/ 25 October 2024

Pieter Hugo’s tragic beauty pushes the button of mortality

Tiananmen Square, Beijing, 2015 (1) Min
On the face of it: South African photographer Pieter Hugo’s pictures Tiananmen Square, Beijing, 2015 (Pieter Hugo)

Early on Tuesday morning, Pieter Hugo’s images made him feel emotional.

It was two days after he had finished installing his solo show and went back to the gallery for the first time. “It felt very, I don’t know, I feel quite vulnerable showing some of this work,” he tells me a few hours later via Zoom. 

We are chatting about his magisterial exhibition of more than 100 works, taken over 23 years, which opens on Saturday at the Stevenson gallery in Cape Town. 

“And I think it’s because it pushes that button of mortality and life for the passing of time, which photography has a relationship with.”

In the new show Hugo, who became globally famous — for some critics, infamous — with the powerful, engrossing pictures he took between 2005 and 2007 of Nigerian animal handlers and itinerant minstrels with their hyenas, baboons and rock pythons, has shifted his focus to birth, death and the rites between.
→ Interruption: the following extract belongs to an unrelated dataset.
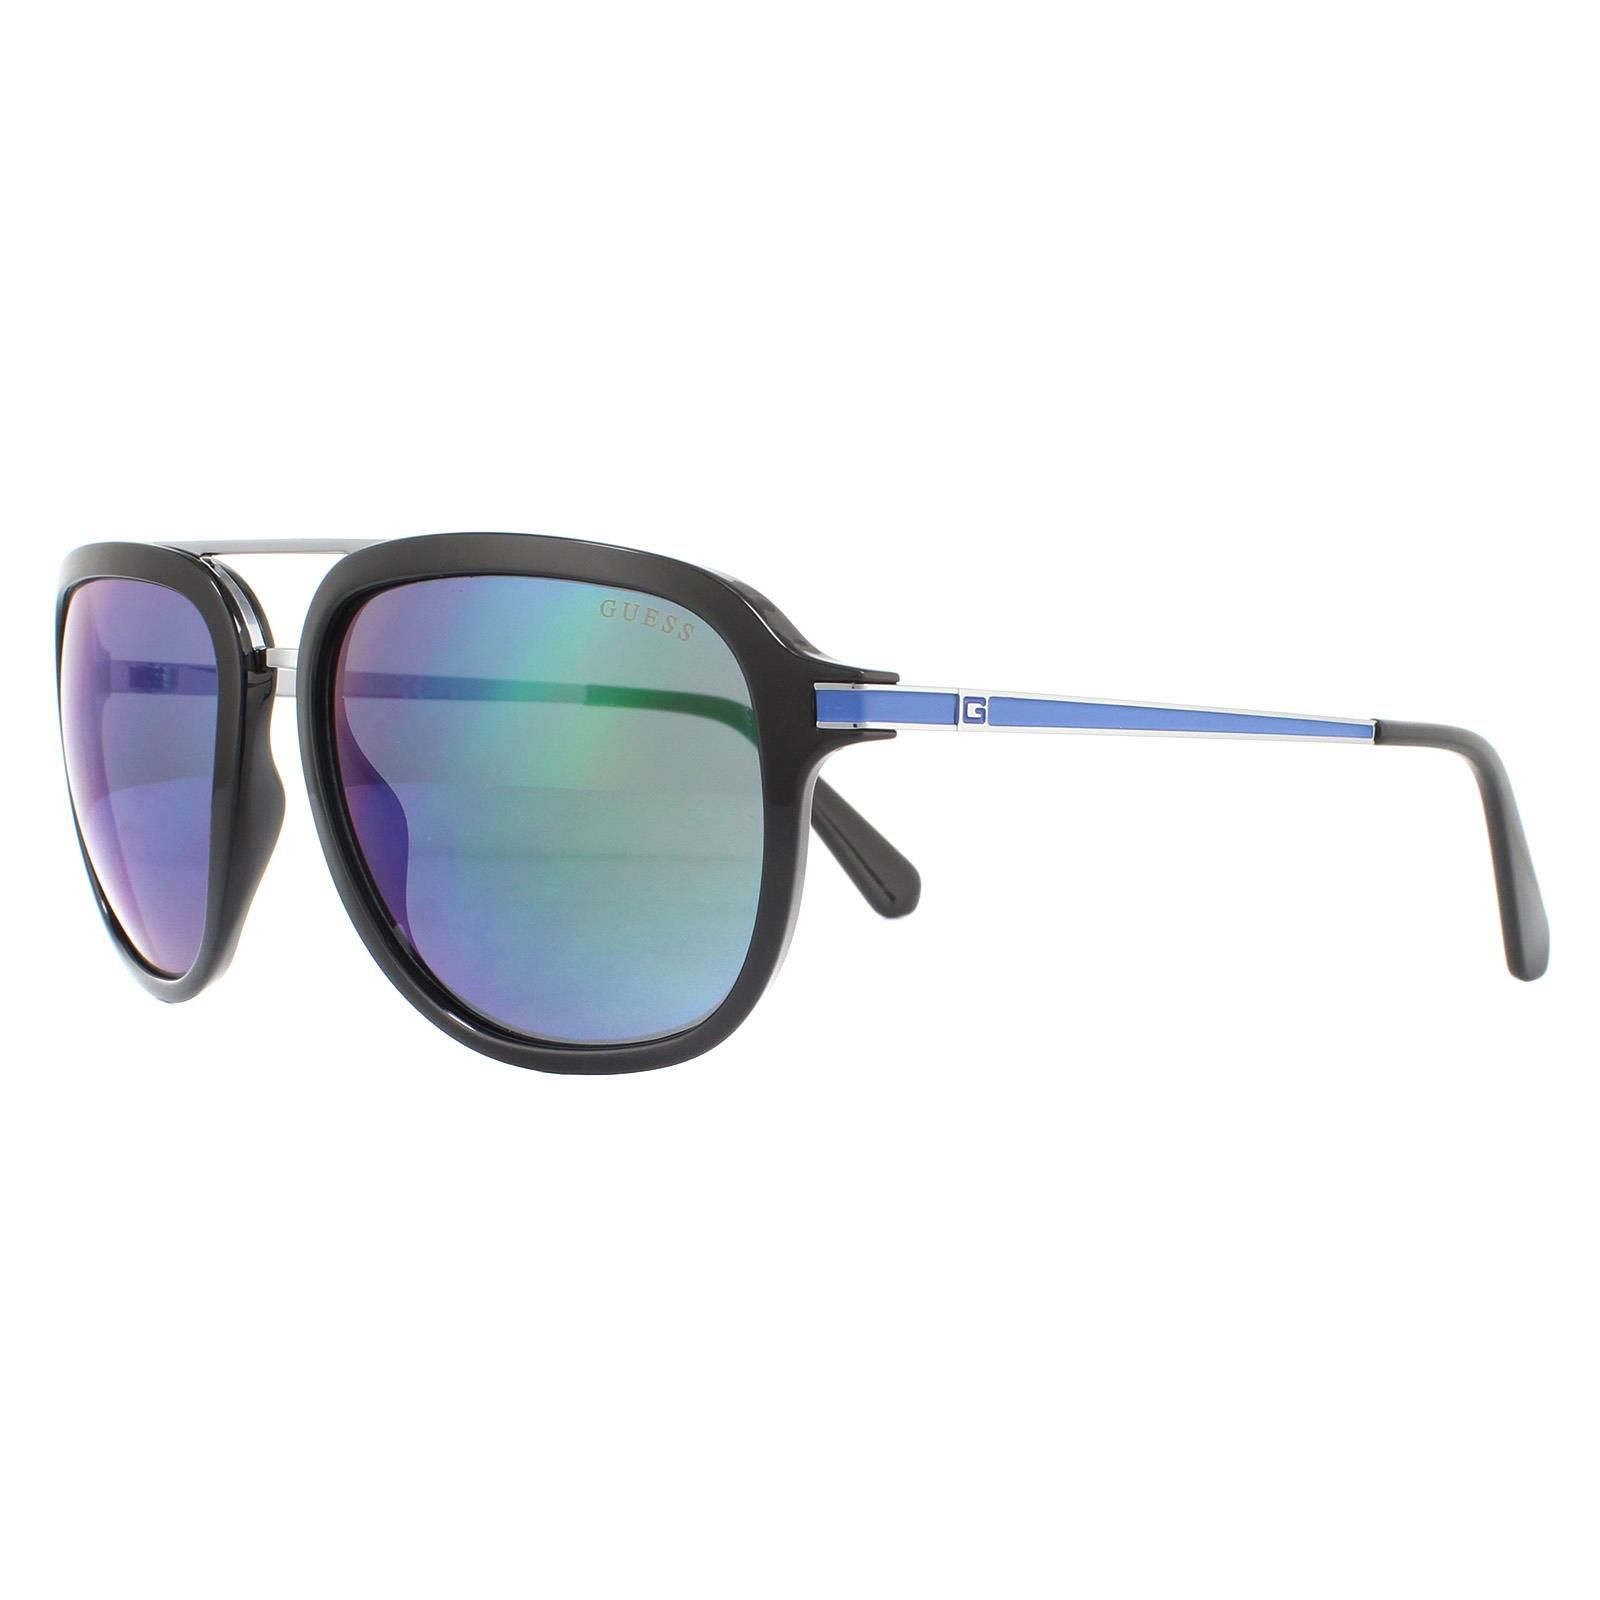 Guess Sunglasses GU6965 01C Shiny Black Blue Blue Mirror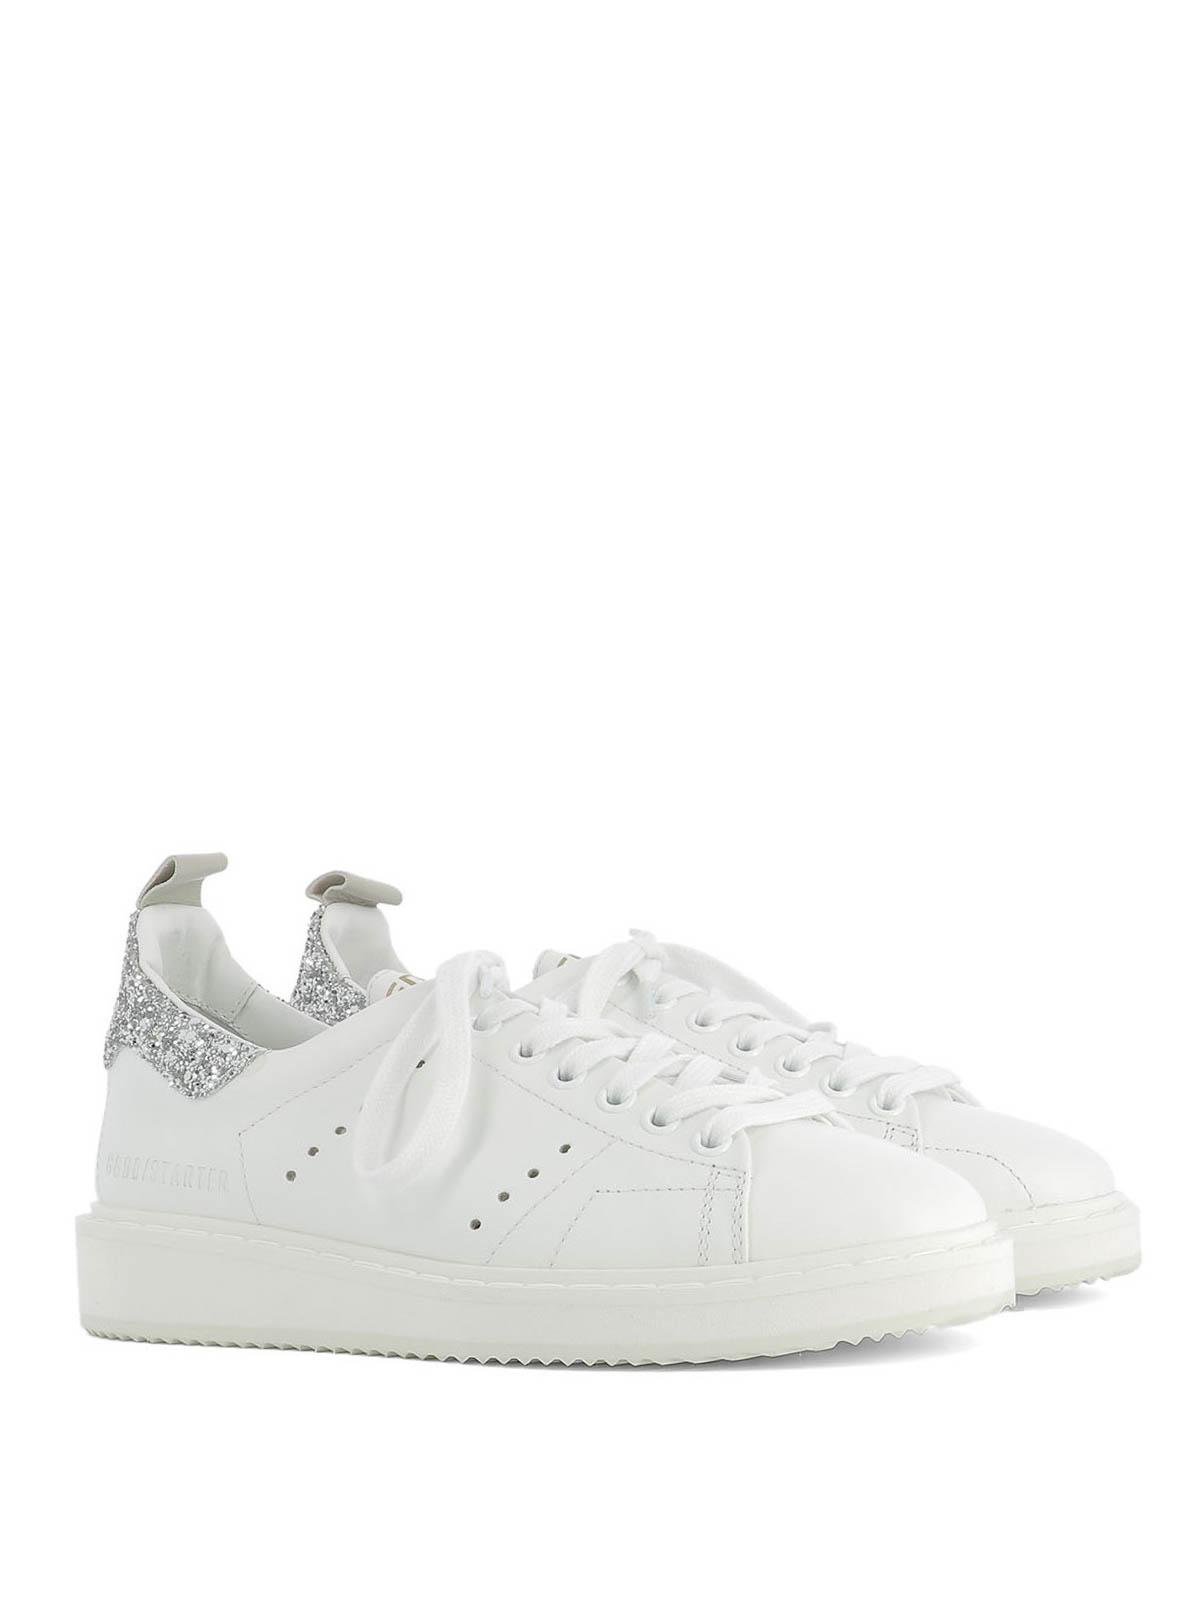 ebac05f9ed820 Golden Goose - Starter glitter back sneakers - trainers - G30WS631 D6

Like The Hyena and Other Men, his previous series functioned as visual essays. For example from the stark studio portraits of South Africans with albinism Looking Aside (2003 to 2006) to Rwanda: Vestiges of a Genocide (2011), also Permanent Error (2010), about people in an impoverished settlement in Ghana, which is the second-largest e-waste processing area in West Africa, and then photographs of Nigerian actors in make-up in Nollywood (2009).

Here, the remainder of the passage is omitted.